We live in the Philippines and cook daily with pretty good Lauric oil and shortning.

It occurred to me that we have all the elements to make soap.

We have need of two different types of soap.

1.)  Industrial strength soap.  Mainly for cleaning concrete and masonry.  Livestock pens, walkways, that sort of thing.

2.)  Personal soaps.  Bath and shampoo.  The wife has suffered from hives all of her life.  I though it might be the additives in commercial soaps.

To those ends I was hoping for recipe's.

Thank you for your time.


----------



## Soapmaker145 (Jul 10, 2016)

Make a list of all the oils/fats and butters you have access to.  It'll make it easier to help you put together some recipes to test.  Since you're used to working with lye, you're ready to make soap.  Do you only want to make liquid soap?


----------



## KristaY (Jul 10, 2016)

Since you have livestock pens, do you render tallow or lard?
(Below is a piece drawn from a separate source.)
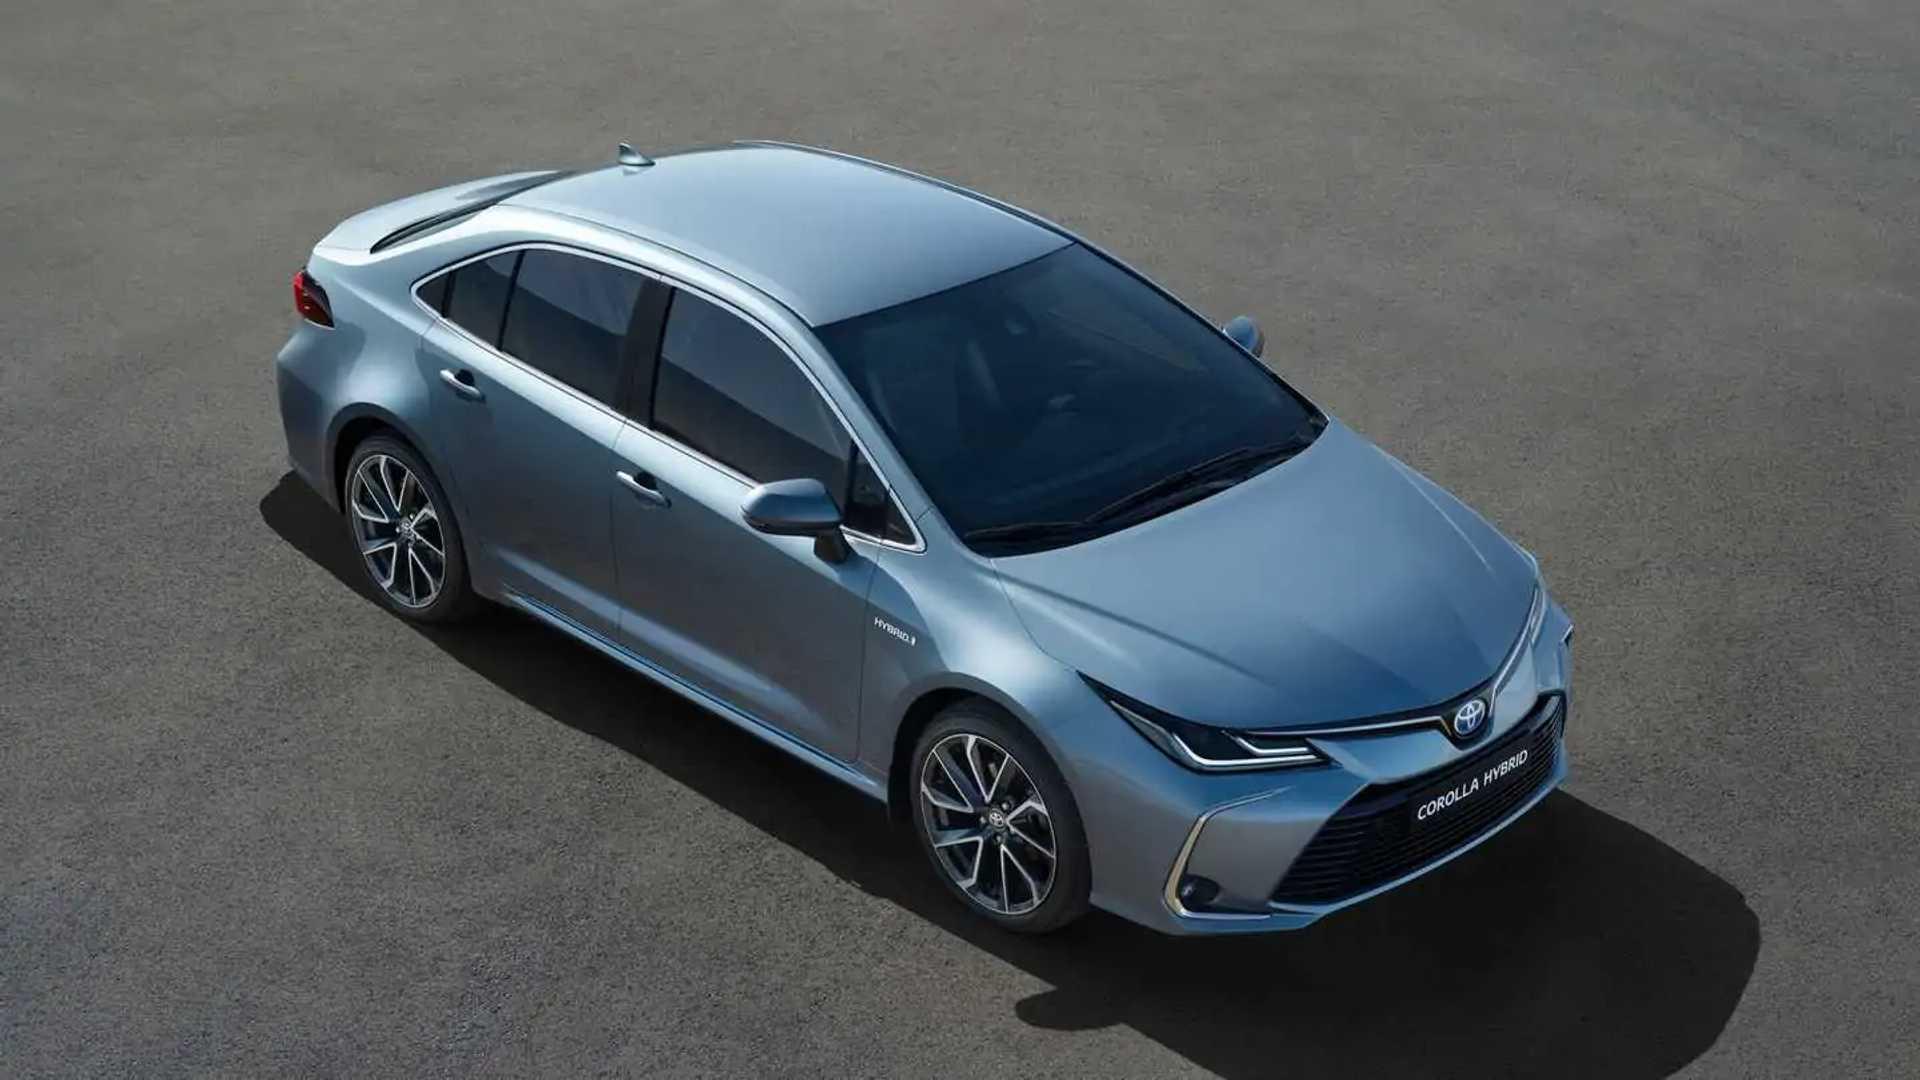 2020 Toyota Corolla Exterior and Interior

That would be a great ingredient if you have animals you raise for meat.


----------



## plataoplomo (Jul 10, 2016)

Soapmaker145 said:


> Do you only want to make liquid soap?



Wow.  I am flabbergasted at the help.  Thank you.

No I intend to experiment with hard soaps.  But later.  I am a very hands on learner.  Gotta do it to really understand it type.
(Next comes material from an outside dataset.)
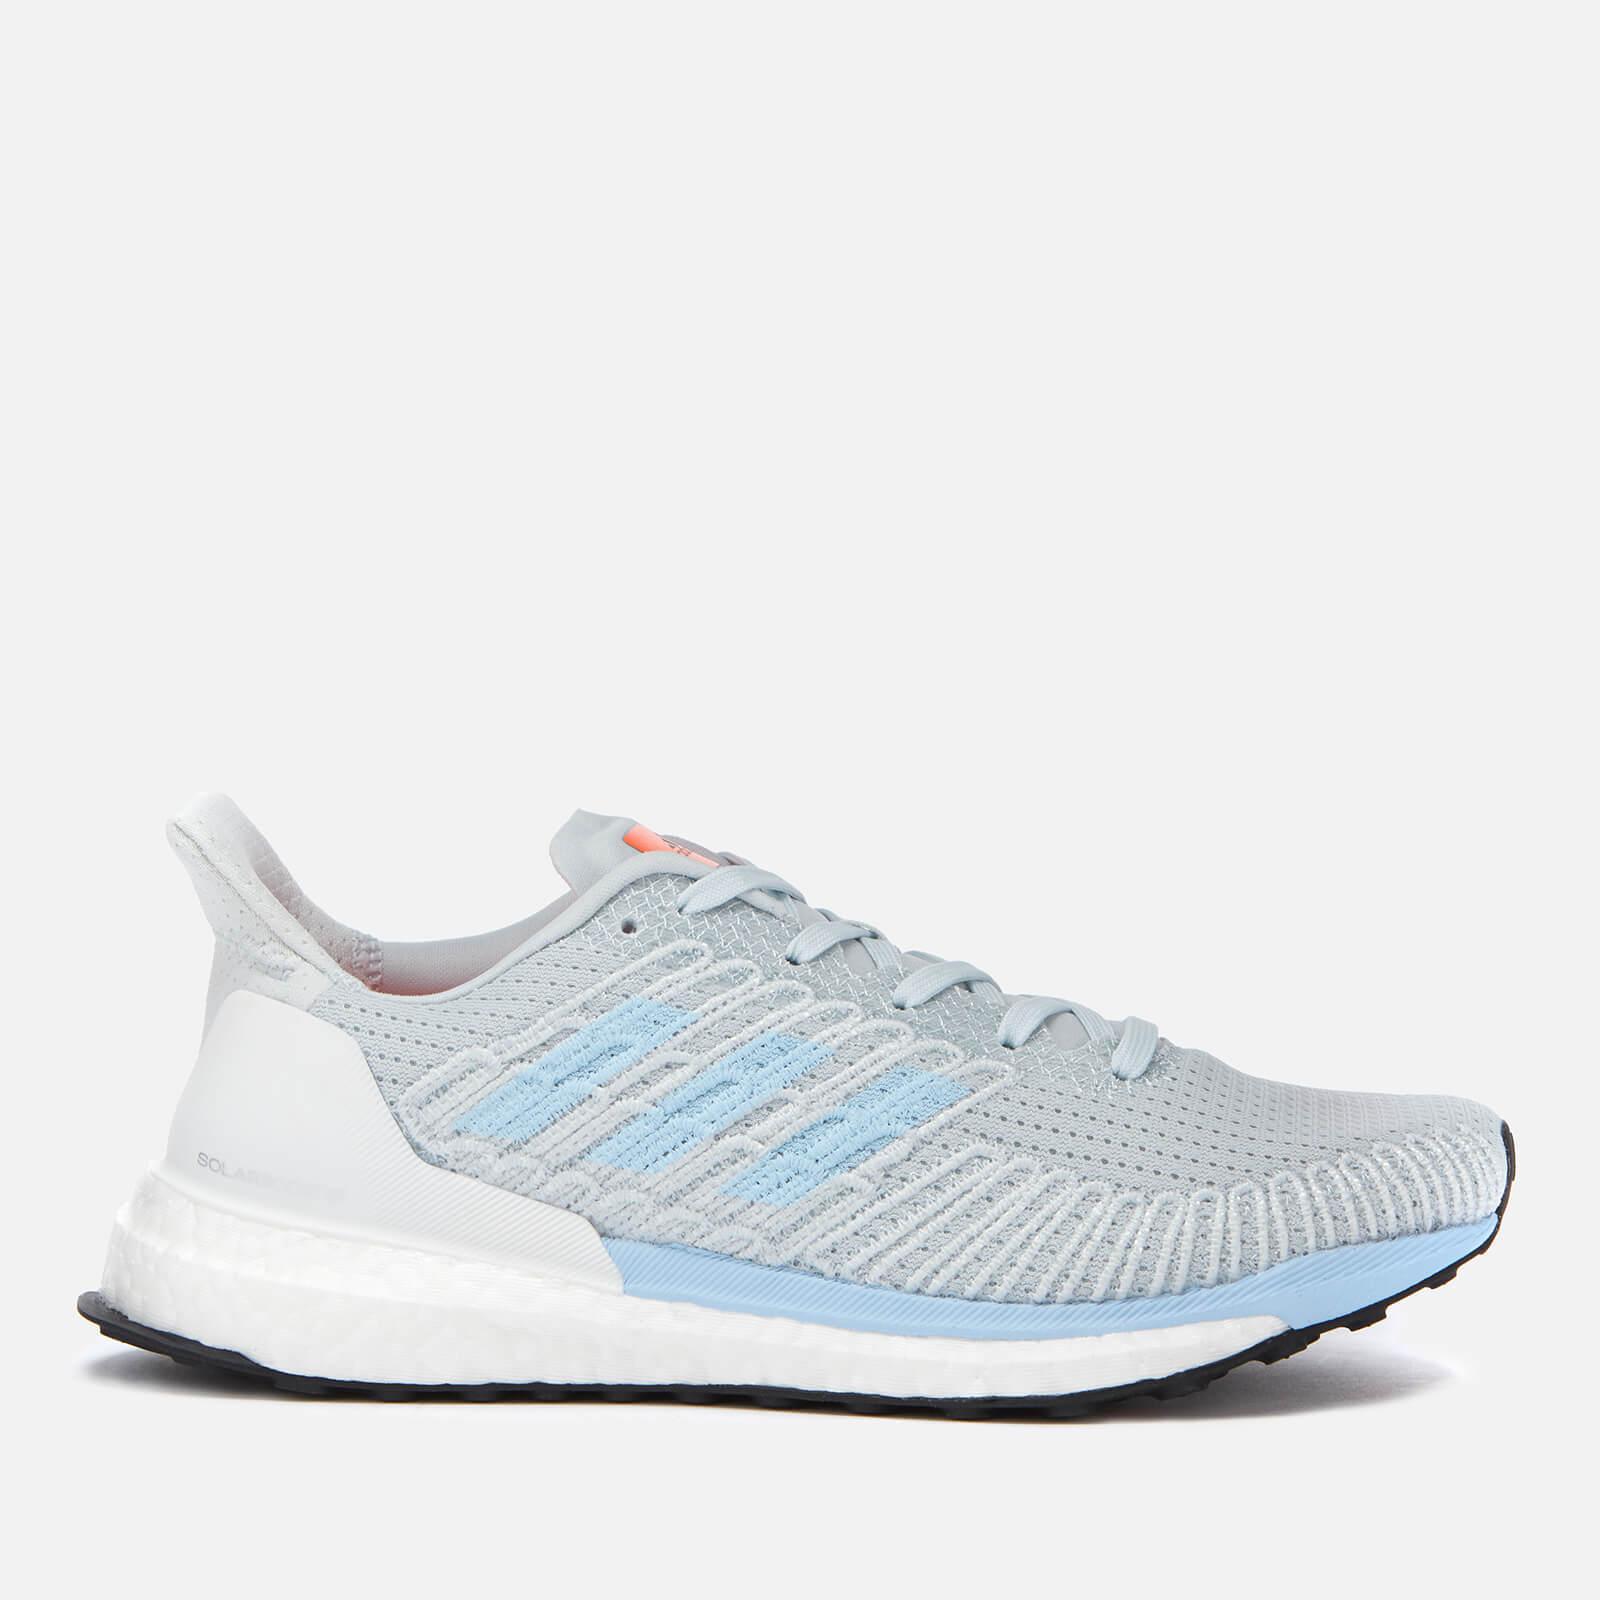 adidas Women's Solar Boost St Trainers - Blue - UK 8 - Blue

So I figured I start work with what I currently have available.

The list is inbound, just give me a chance to compile and re-key it.


KristaY said:


> render tallow or lard?



Not yet we don't.  One step at a time.

We raise Rabbits, Chickens, Ducks, a Filipino version of Javalina, and have a pet heifer I intend to milk.

The Rabbits give us the most fat.  We butcher 10 -> 15 in batches about once a month. 

I'd say we could gather 5 -> 10 pounds of fat in a session.

Not sure how much usable material that would render down into.
Minola Lauric Oil - 

Well wouldn’t ya know it.  Everyone talks about cooking with it.  No body talks about what is in it.

Company website is down.  I may call them on Monday.

Label says - 

" Refined, bleached, and deodorized coconut oil with vitamin A."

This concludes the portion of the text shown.